Estatinas em pacientes com baixo colesterol e alta PCR
A lovastatina parece reduzir o risco de eventos coronarianos entre os pacientes com níveis lipídicos relativamente baixos, mas altos níveis de proteína C-reativa (PCR), de acordo com dados do ensaio da AFCAPS/TexCAPS relatado recentemente no New England Journal of Medicine.
“Demonstramos previamente que a proteína C-reativa é um potente preditor de futuro infarto do miocárdio e AVC, que as estatinas reduzem os níveis de proteína C-reativa e que as estatinas parecem mais eficazes na presença desta inflamação,” afirmou o Dr. P. M. Ridker, do Brigham and Women’s Hospital, Boston.
No estudo atual, os investigadores verificaram que, entre os participantes com baixos níveis de colesterol e níveis de PCR acima da média, o benefício de fazer uso de uma estatina, em termos de redução de eventos coronarianos, foi grande e para indivíduos com alto colesterol. Aqueles com baixo colesterol e baixos níveis de PCR tinham baixo risco de eventos coronarianos e não se beneficiaram do uso de uma estatina.
Entre 5742 homens e mulheres no ensaio de 5 anos da AFCAPS/TexCAPS, os investigadores dosaram os níveis de PCR em condições basais e após 1 ano. O tratamento com lovastatina reduziu o nível mediano de PCR em 14,8%, independentemente de sua capacidade de baixar os perfis lipídicos.
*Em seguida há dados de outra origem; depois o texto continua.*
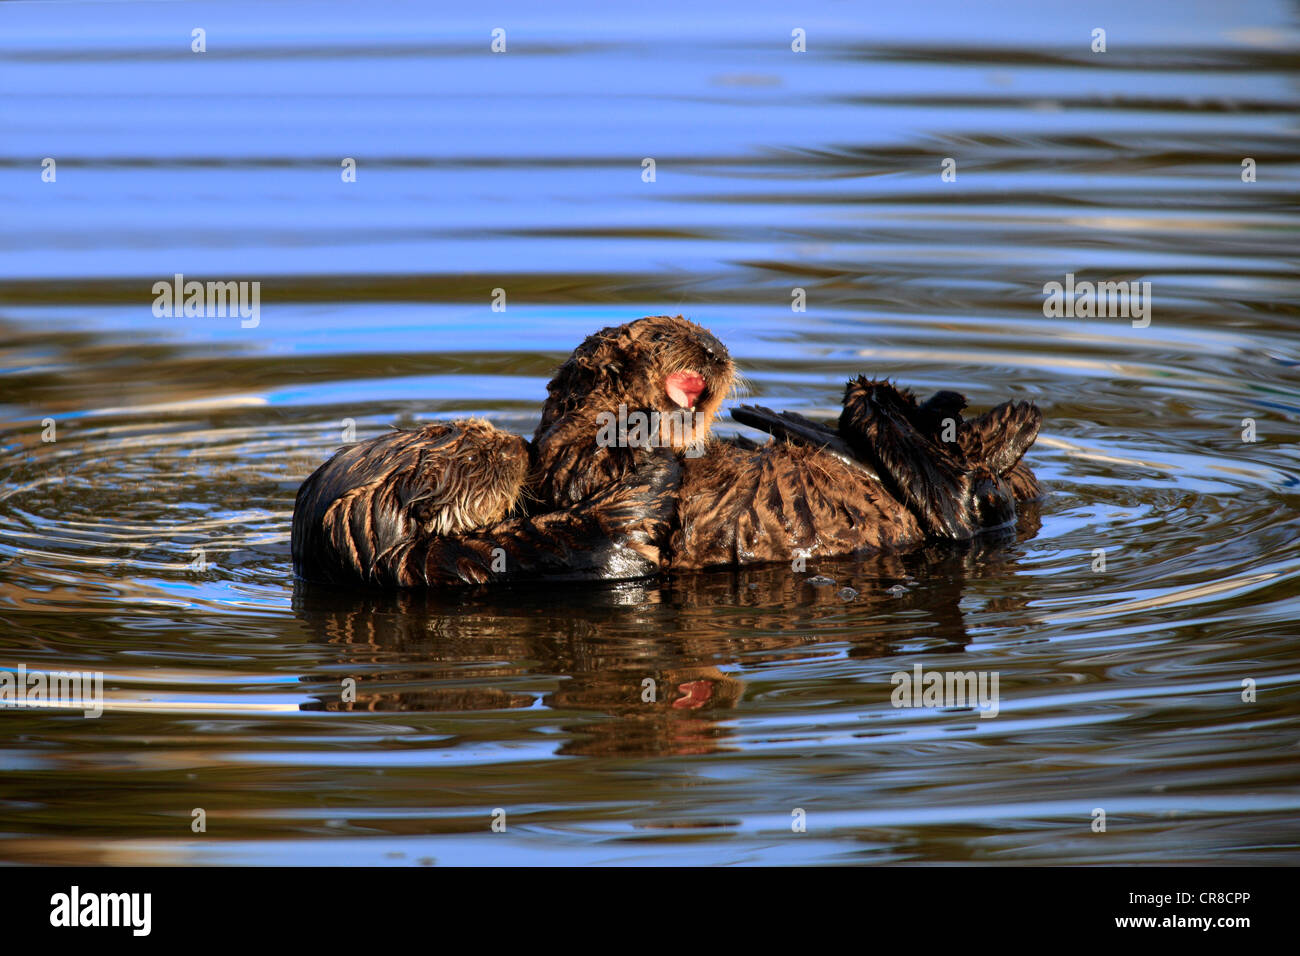 Sea otters (Enhydra lutris), mother with young, in the water, Monterey, California, USA Stock Photo

O grupo do Dr. Ridker verificou que a lovastatina prevenia eventos coronarianos, não apenas entre aqueles cuja relação entre colesterol total e HDL colesterol era mais alta que a mediana, mas também entre aqueles que tinham proporção de colesterol total para HDL colesterol abaixo da mediana e níveis de PCR acima da mediana.
Provavelmente há 25 a 30 milhões de americanos que atualmente estão fora das diretrizes e que poderiam beneficiar-se do uso de uma estatina, acentuou o Dr. Ridker. “Ao mesmo tempo, há mais 25 ou 30 milhões de pessoas que provavelmente não precisam absolutamente fazer uso de estatinas”.
“Achamos que chegou o tempo de fazer um grande ensaio randomizado, tomando pacientes que não se qualificam para estatinas, com base nas diretrizes – pessoas com baixo LDL colesterol e alta proteína C-reativa – e ver se realmente podemos salvar suas vidas”.
O Dr. R. S. Munford, do University of Texas Southwestern Medical Center em Dallas, comenta num editorial de periódico: “Os resultados dos autores, se confirmados em estudos prospectivos, forneceriam as evidências mais persuasivas para a dosagem de proteína C-reativa e lípides sangüíneos em adultos saudáveis.”
N Engl J Med 2001;344:1959-1965,2016-2018.